LizzieMaine
Bartender
- Messages
- 33,728
- Location
- Where The Tourists Meet The Sea
History is history, unless you're Henry Ford.
oh come now! The "Occupy" movement was all about heaping scorn on those most well off. I hear "privilege" being applied to those in the middle class.
I wasn't expressing sympathy, simply pointing out that saying scorn is rarely directed at the well off isn't accurate.But don't hold your breath waiting on me to express much sympathy for those poor picked-on billionaires.
^^*^^
My advice to the run of aspiring young writers: Study accounting. Or the law. Consider a career in the trucking industry.
That was my advice 20 years ago, too. But employment prospects are even worse now than they were then, leastwise employment that pays much more than starvation wages.

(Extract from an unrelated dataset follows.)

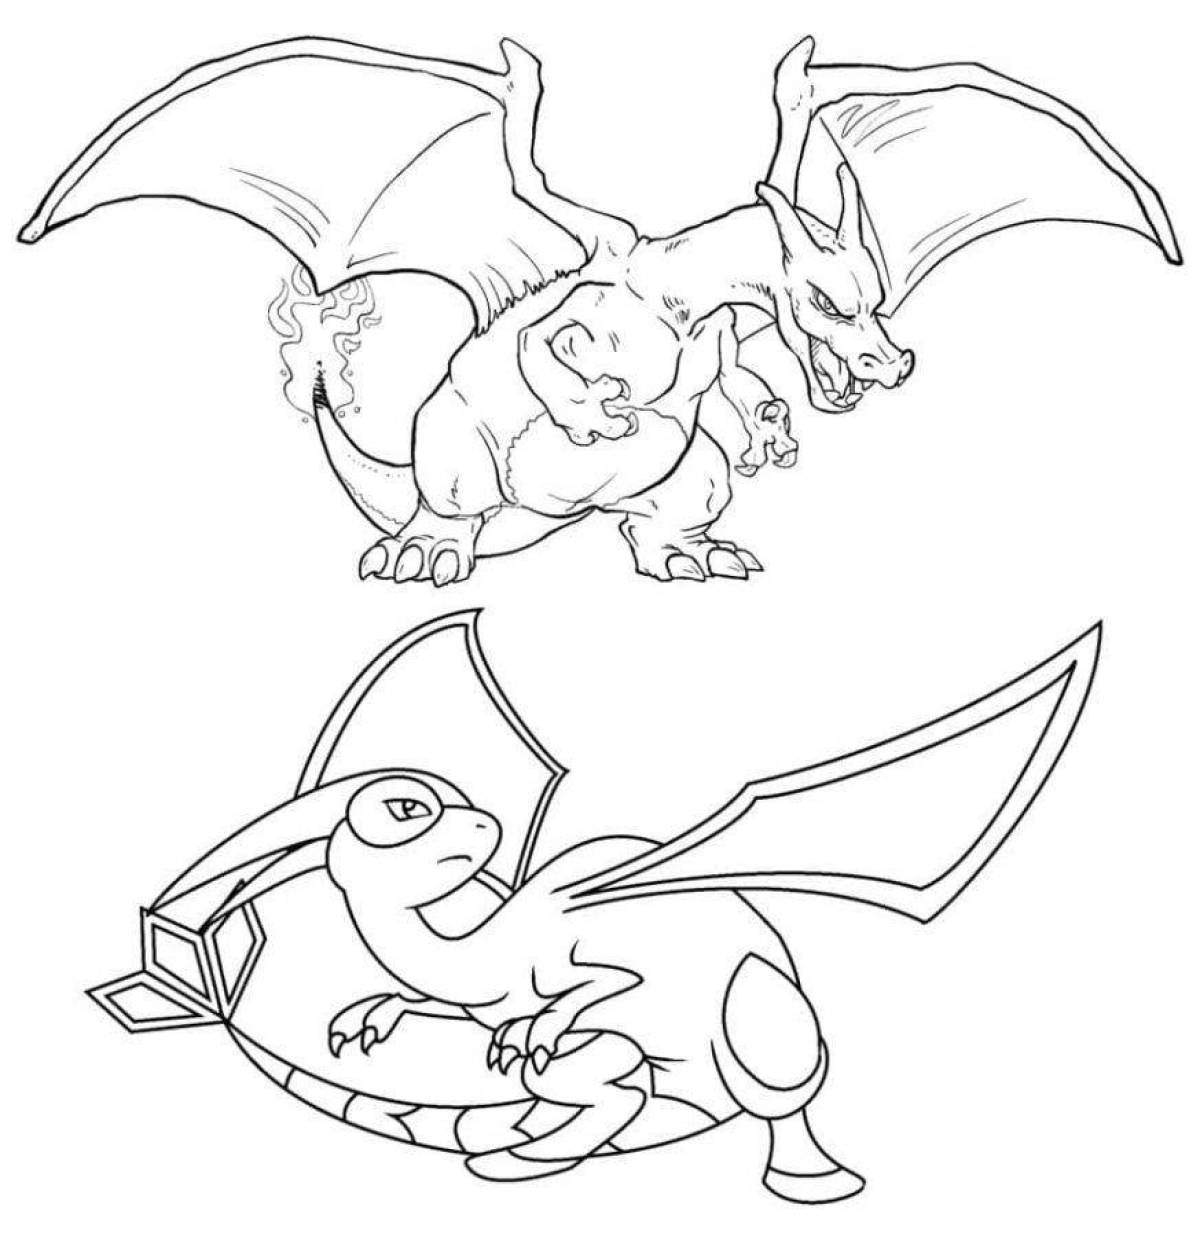 Great charizard coloring book

BUT ... For those with the chops and the willingness to work long, long hours, in full knowledge that fame and fortune will almost surely elude you, well, write. Write and rewrite. Read and read and read. Make a study of the writing you like best until you get a clearer sense of just how the producers of that prose go about their business. And then study it some more.
And it doesn't hurt to buy 'em lunch every now and then.
... I've been asked more times than I can imagine to write for free for this publication or that website and my response is always the same: No. Period. The only "free" writing I do is for this place. And I tell kids who want to be "writers" that if they want to be writers they'd better have a backup plan in place -- maybe a job selling popcorn.
What really gets me steamed are the big-time blogs like the Huffington Post that don't pay the "guest contributors" that make them possible. Given the huge revenue streams enjoyed by such operators, there is absolutely no justification for a no-pay policy, and writers who enable such operations by creating "content" in exchange for "exposure" are suckers, chumps and fools at best, and scabs at worst.
That's the thing - writers do it or it wouldn't be possible. I'd like to get mad at them, but if someone wants to work for free (without being forced or deceived into doing it), then who am I to stay they can't or even get mad at them for doing it?
It kills the value of our work, but again, if someone wants to write for free, I can't see a reason in the world why they shouldn't be allowed to do so. When it first started happening, I thought it would be short lived and once the internet "novelty" wore off, website owners (blogs, etc.) would need to pay for content, but that would just be another thing (in a long list of things in life) that I got wrong.
I used to earn my living doing two things - writing about financial markets / the economy and managing / trading money.